13 March 2011

Spindrifts

It's five in the morning. I'm drinking tea, waiting for my bubblegum pink nails to dry, and playing poker online. Moby is playing softly. My hair is poking out in every possible direction.

I gently toss ideas around in my head. They whirl about of their own free will, by a power all their own.

I'm realizing that my thoughts lately seem to fall into the same patterns, as I resetting the sequence randomly. Whether accidentally, or entirely on purpose.

This all boils down to the idea that this is a teeter-totter year for me. Things I miss in my life from the past on one end of the teeter-totter, and as we walk to the other end, across the axis, to things I want in my future.
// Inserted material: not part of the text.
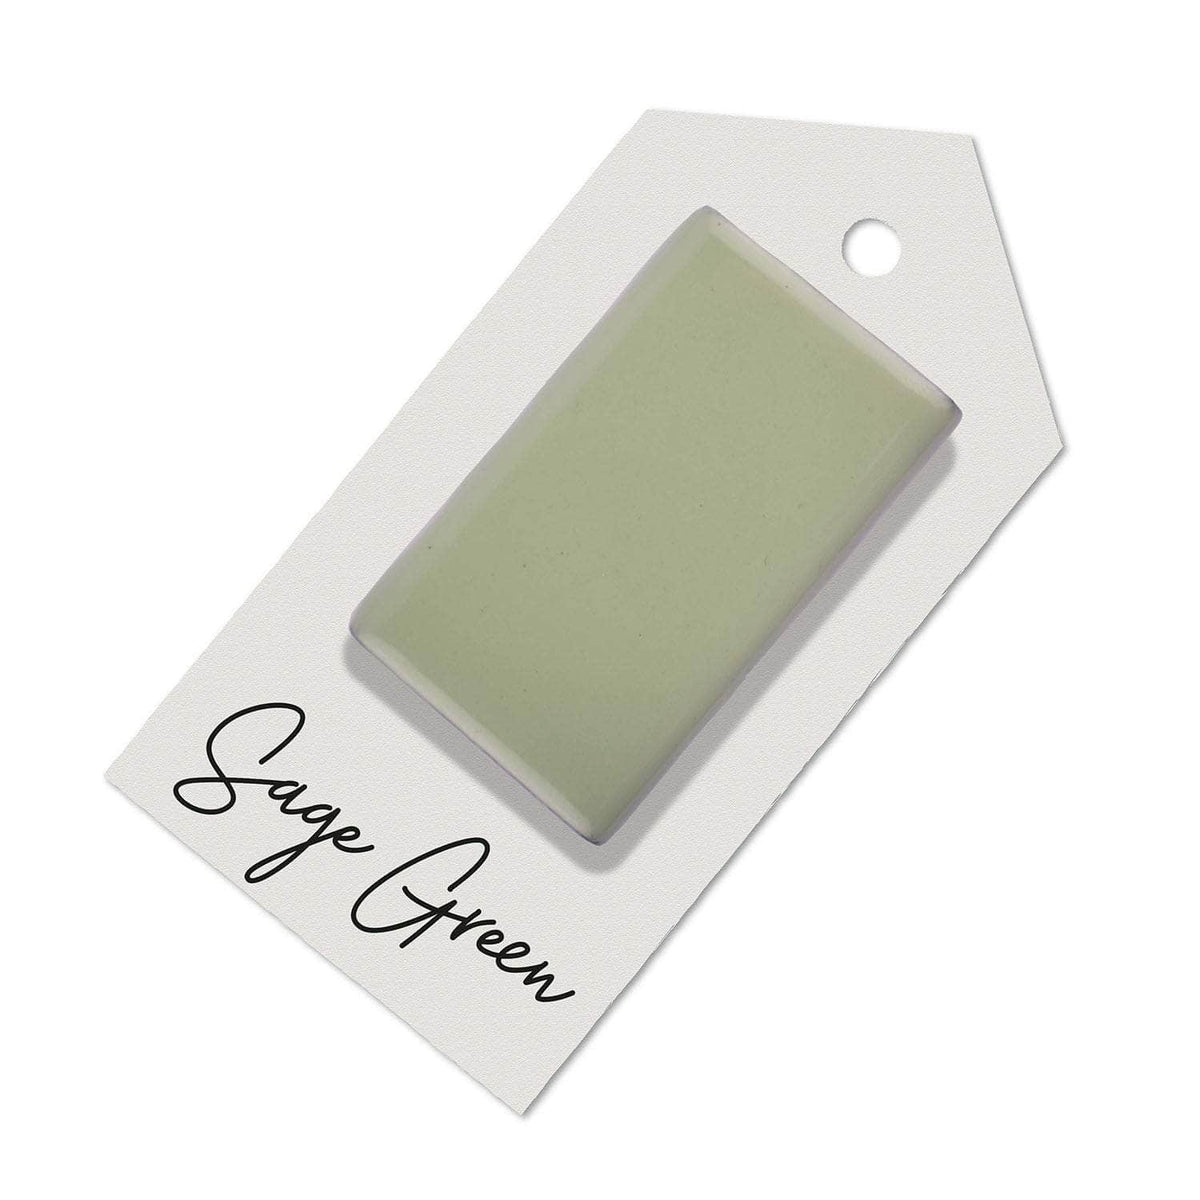 Sage green sample for Aga range cooker re-enamelling &amp; reconditioned cookers

Being twenty-six has, for me personally, been very much about this.

I turn twenty seven in a couple weeks, and I realize in many ways, this is a last hurrah for this season in my life. I believe this has been a pivotal year for me. Things begin to settle in my life once again. Though, there's still a lot of dust in the air.

By implication, my thought patterns also bring relevance to things I don't want from my past, and less relevant in my immediate life, negative aspects my future. These things loom in my mind also, creating two way madness, on occasion. Little spindrifts of thoughts.
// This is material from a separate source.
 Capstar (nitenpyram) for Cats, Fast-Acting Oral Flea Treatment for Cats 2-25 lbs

I'd like to be in college, rendering my current minimum wage job much less painful to imagine long term. I deeply miss having furry pets to cuddle me, and wait up when I'm out. I miss having houseplants, getting my hands dirty makes me happy. I miss writing, I discovered old stories I had completed in high school, and realized how happy fiction makes me, and how little I've had of it lately. I miss being awake during the day, and simply seeing any sunshine at all.

I'm tired of pretending to be a third shift vampire.
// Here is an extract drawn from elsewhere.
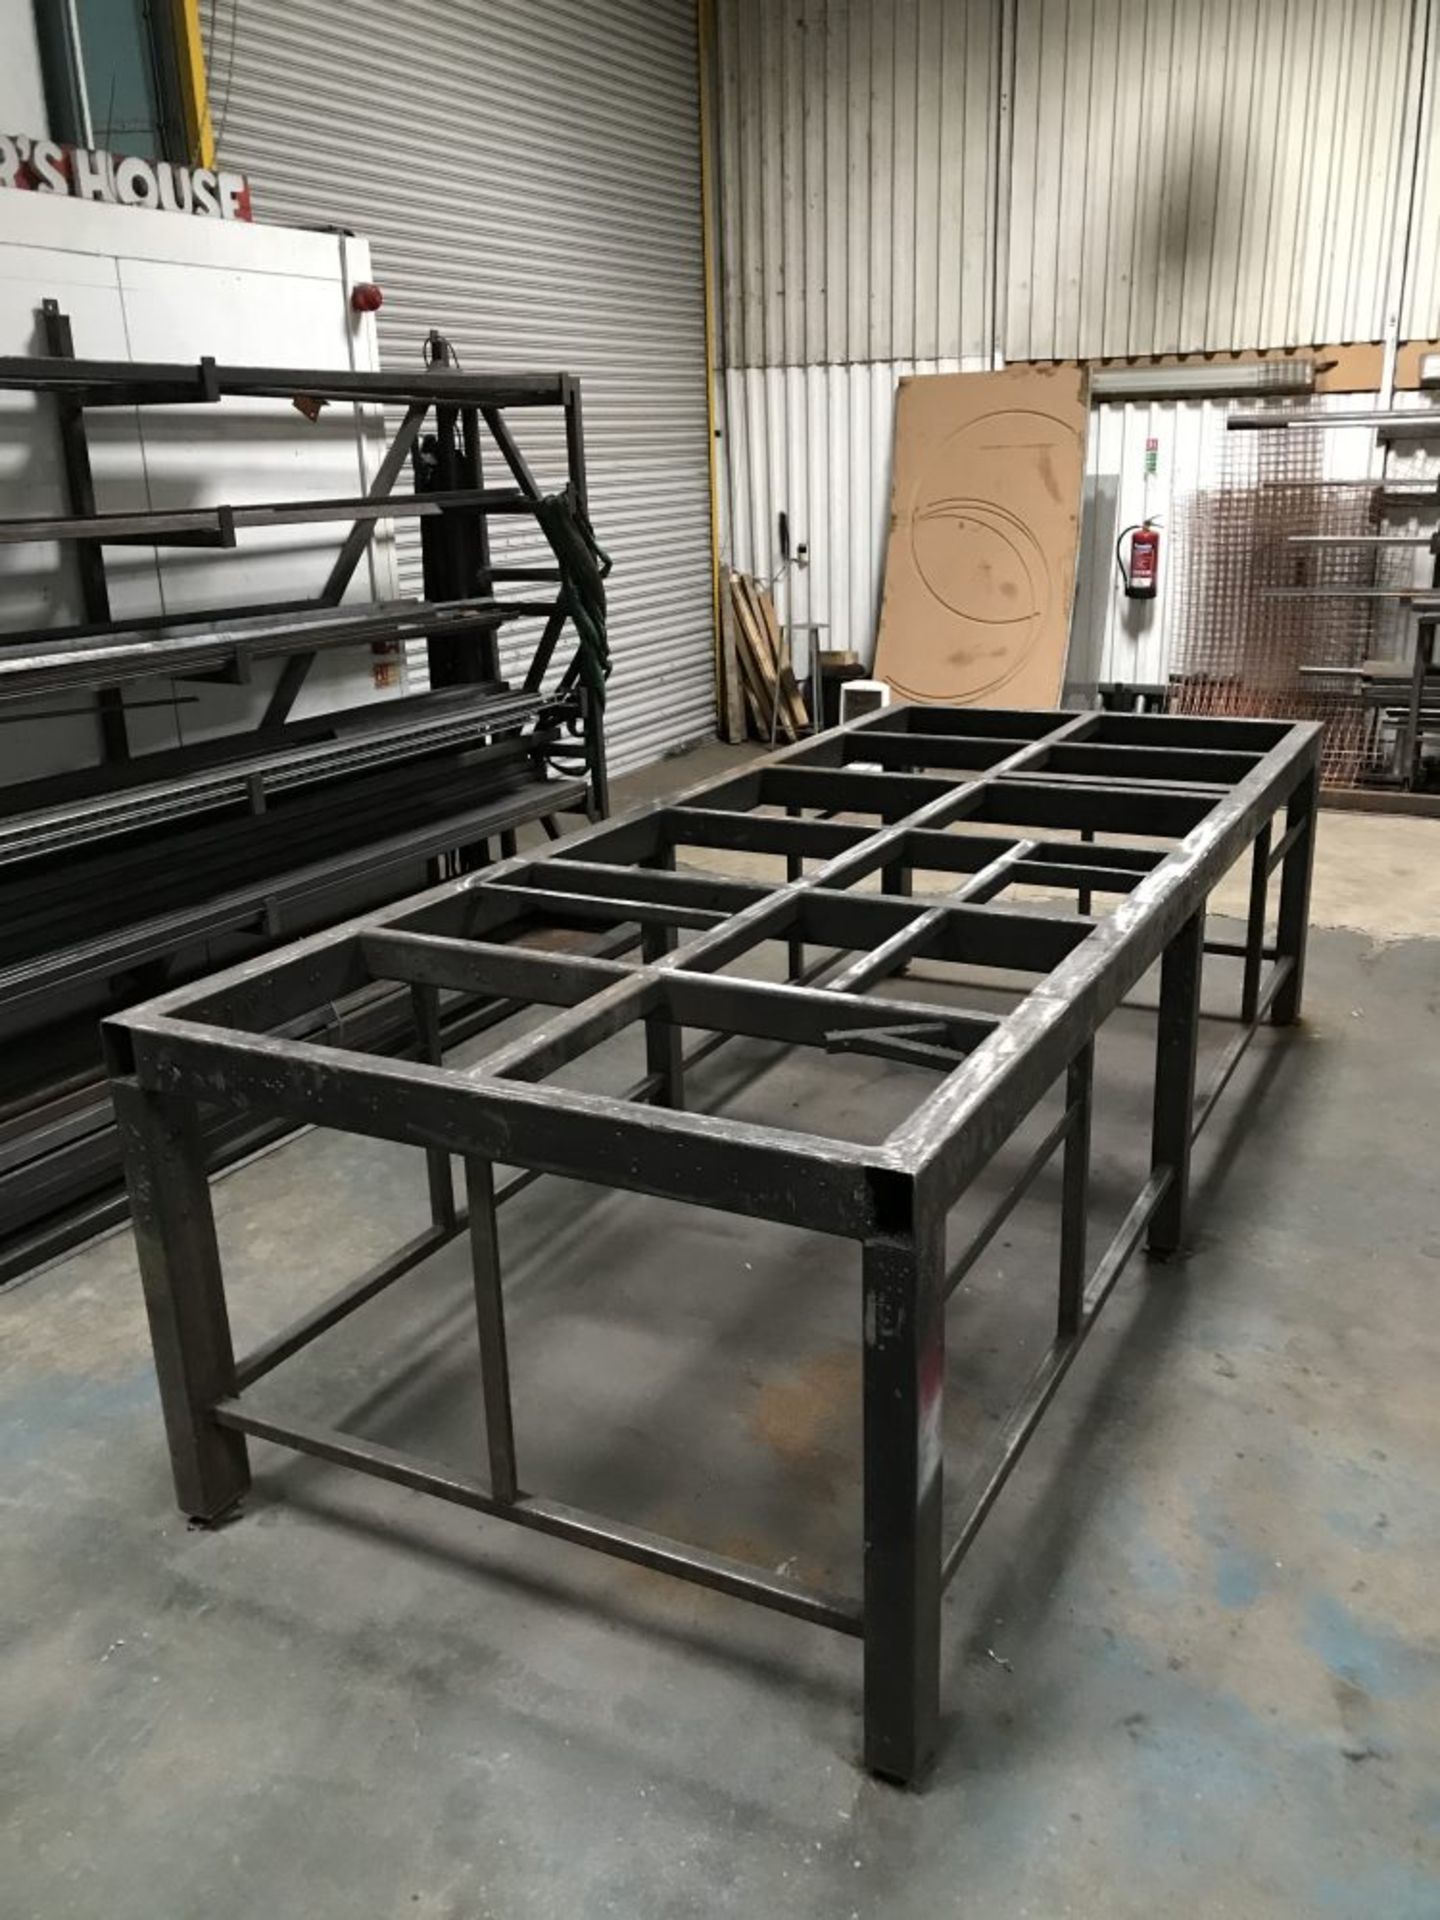 A welding table - Image 2 of 3

I adore roller derby now, and can't imaging moving forward without it. I love the way my little bible reads, and has illustrations. I'm glad I quit coffee, and switched to tea, and surprised how receptive and supportive everyone has been.

I wish to pick up the ever impossible goal of jogging, to regularly get my zumba/cardio in, and yoga/endurance. I want a nest egg! I want to go to church again. I want to organize my recipe collection, and finally share them with the people I promised too.

I wish I had the ability to get my art sales off the ground.

I'm finally taking steps towards these things. I'm making progress, and feeling like it's important to isolate myself less, and less. Being goal oriented leaves me with a one track, ultra focused mind. I miss everyone! I planted flowers. I bought (a lot) of authentic indian tea (english is next). I've researched gym memberships. Started weekly hangout times. I started a blog, and I'd really like to post some of my fictional writing here as well.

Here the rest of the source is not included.